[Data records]
Content starts
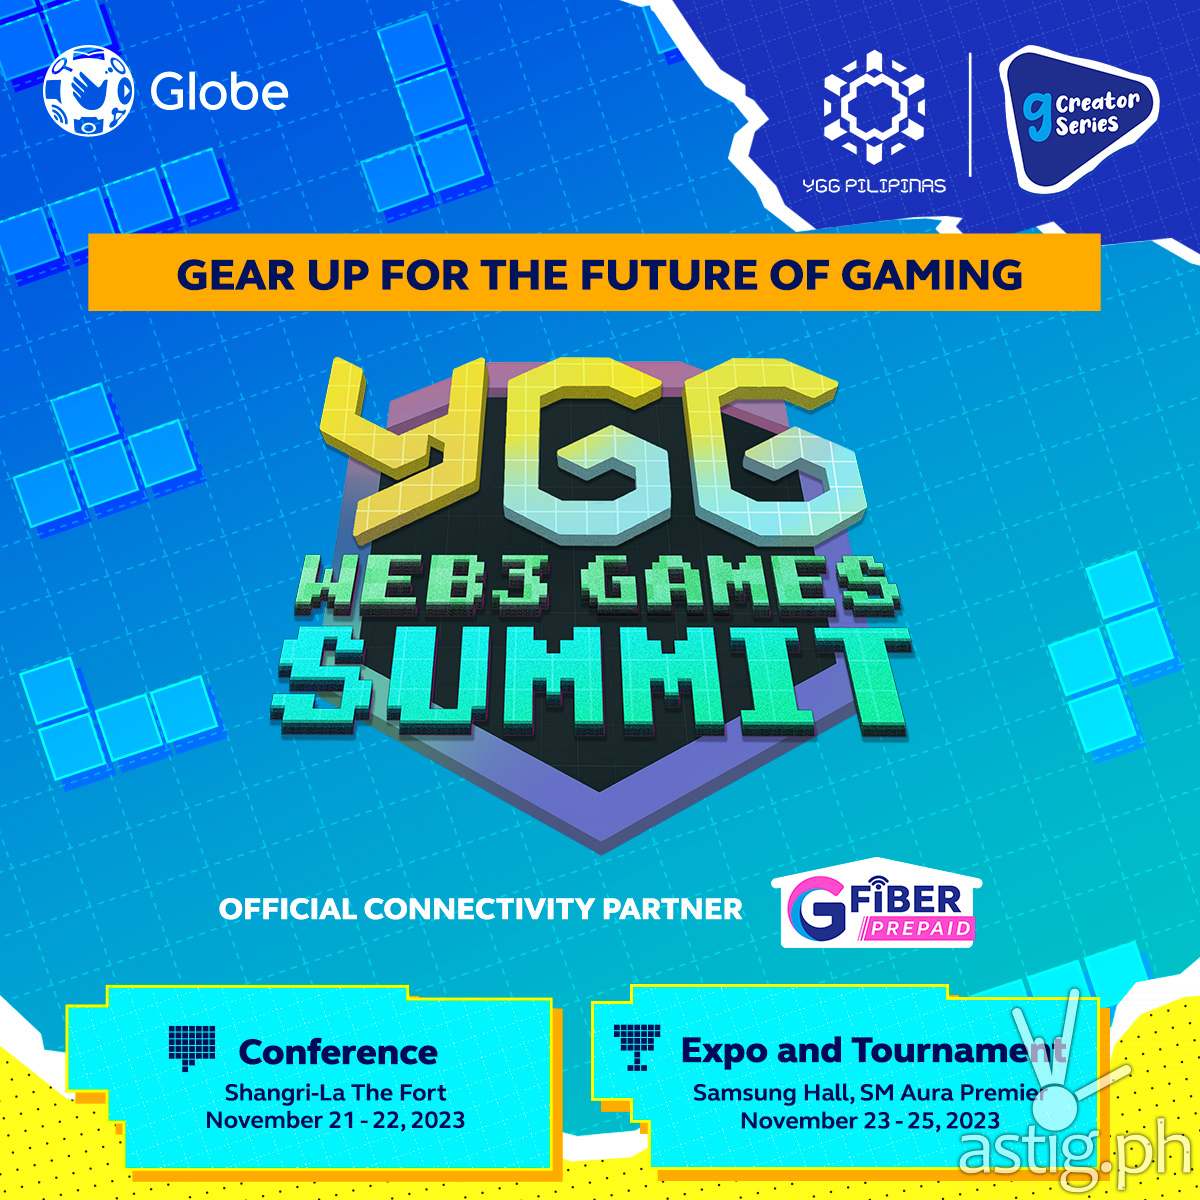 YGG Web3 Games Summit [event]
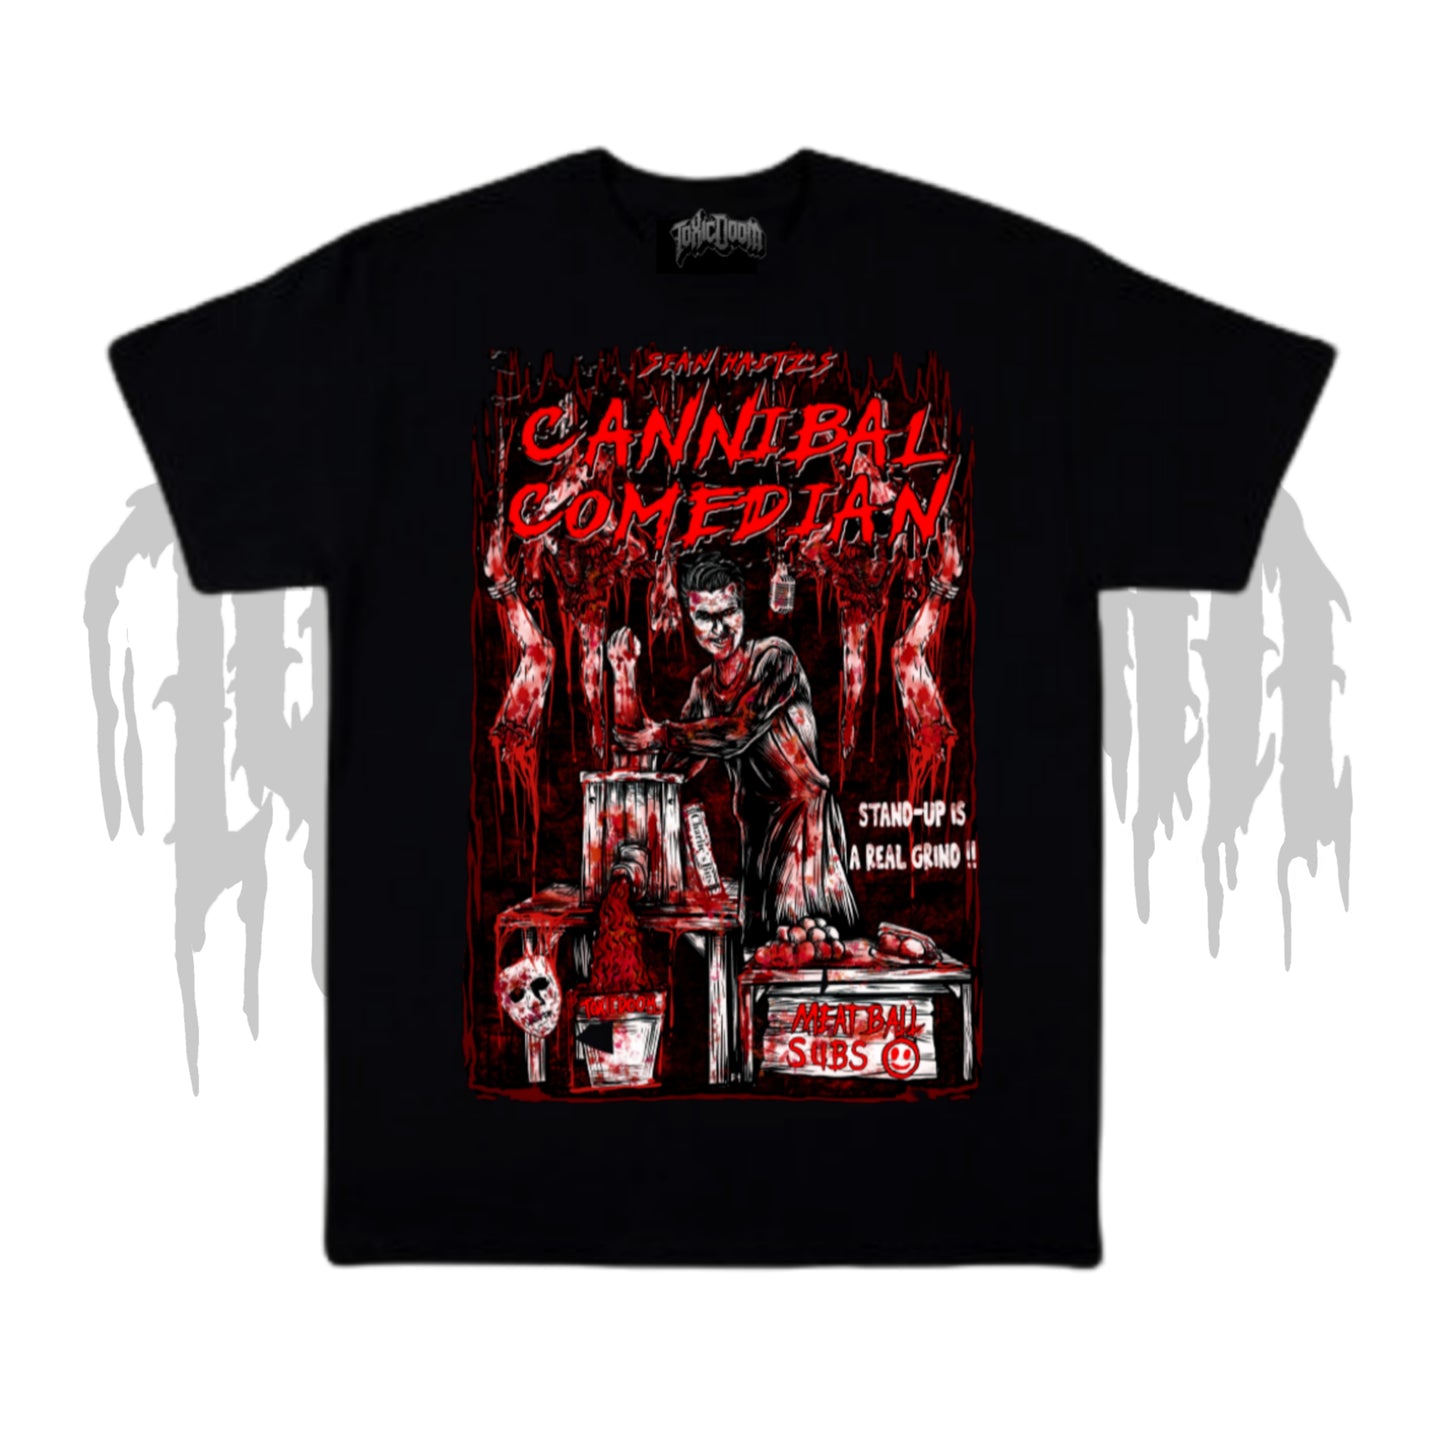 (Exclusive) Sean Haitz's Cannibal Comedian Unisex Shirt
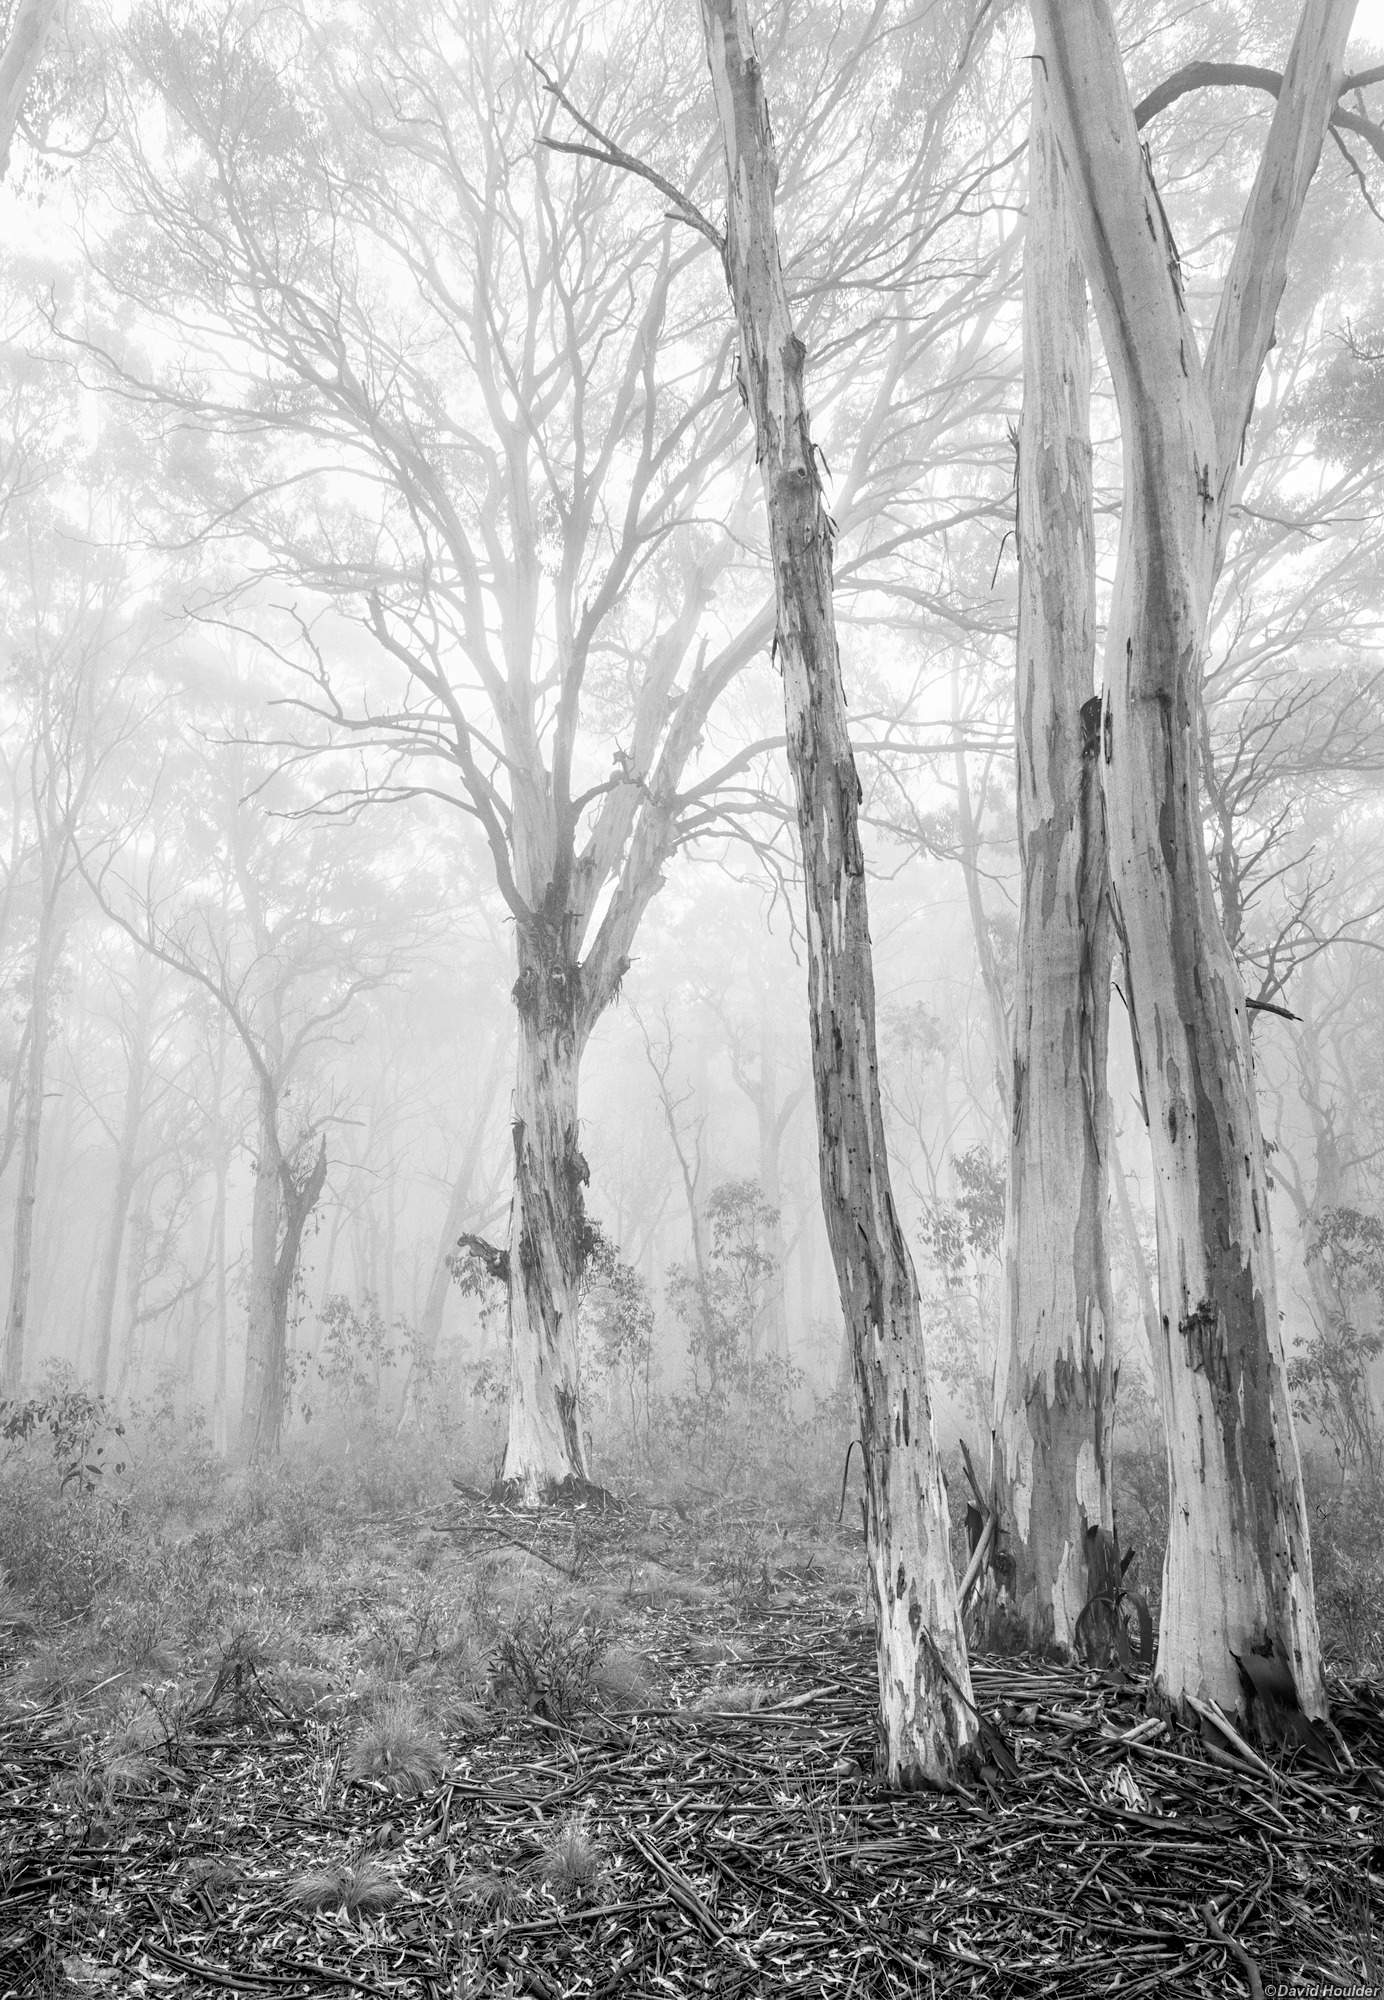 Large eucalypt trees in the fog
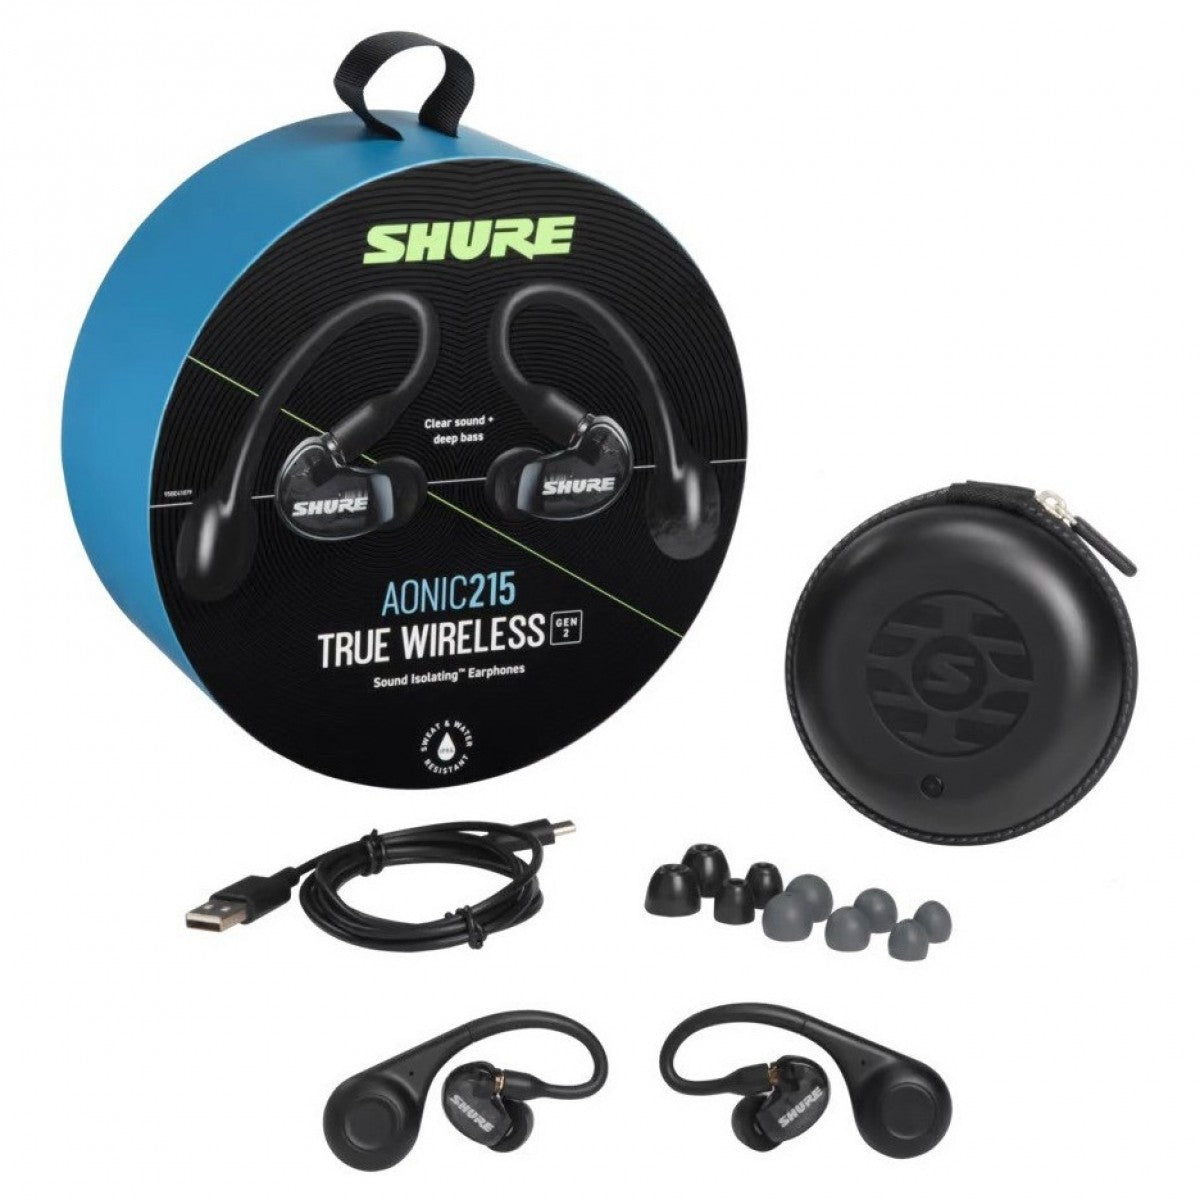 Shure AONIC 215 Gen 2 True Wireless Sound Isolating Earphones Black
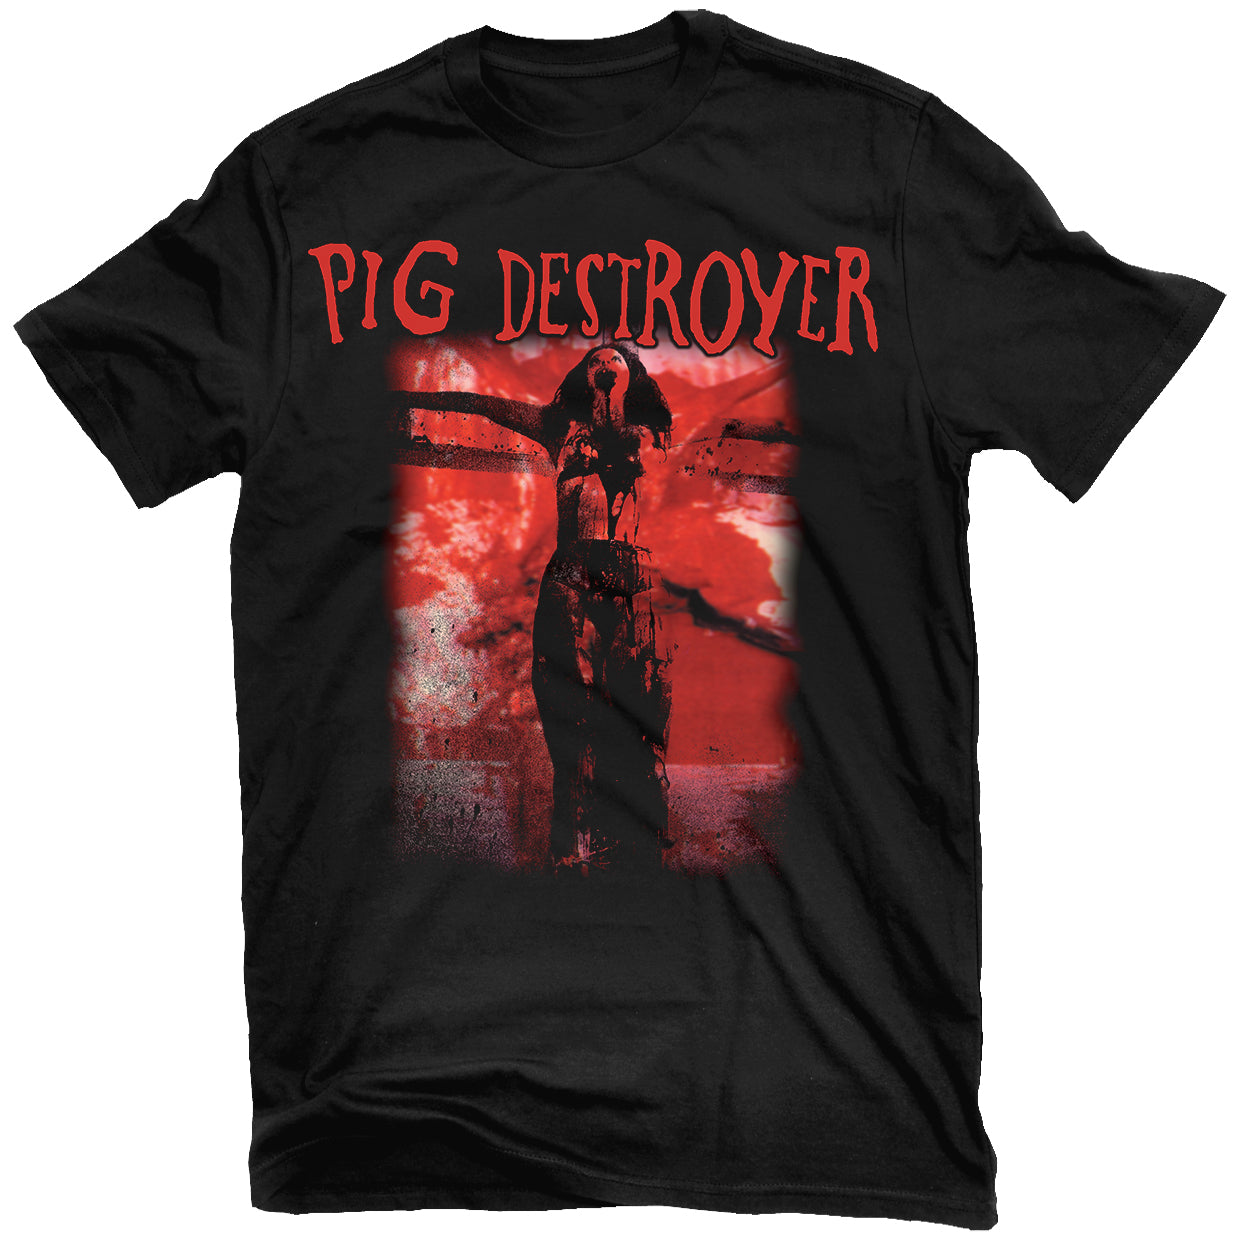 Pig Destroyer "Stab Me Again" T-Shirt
Content ends
> [WHAT THE EXERCISE ASKS]: Transcribe, without alteration, each line from the one with "(Exclusive) Sean Haitz's" through the last line of the data; no pictures belong in the copy.

> [ANSWER TO THE EXERCISE]:
 (Exclusive) Sean Haitz's Cannibal Comedian Unisex Shirt
 Large eucalypt trees in the fog
 Shure AONIC 215 Gen 2 True Wireless Sound Isolating Earphones Black
 Pig Destroyer "Stab Me Again" T-Shirt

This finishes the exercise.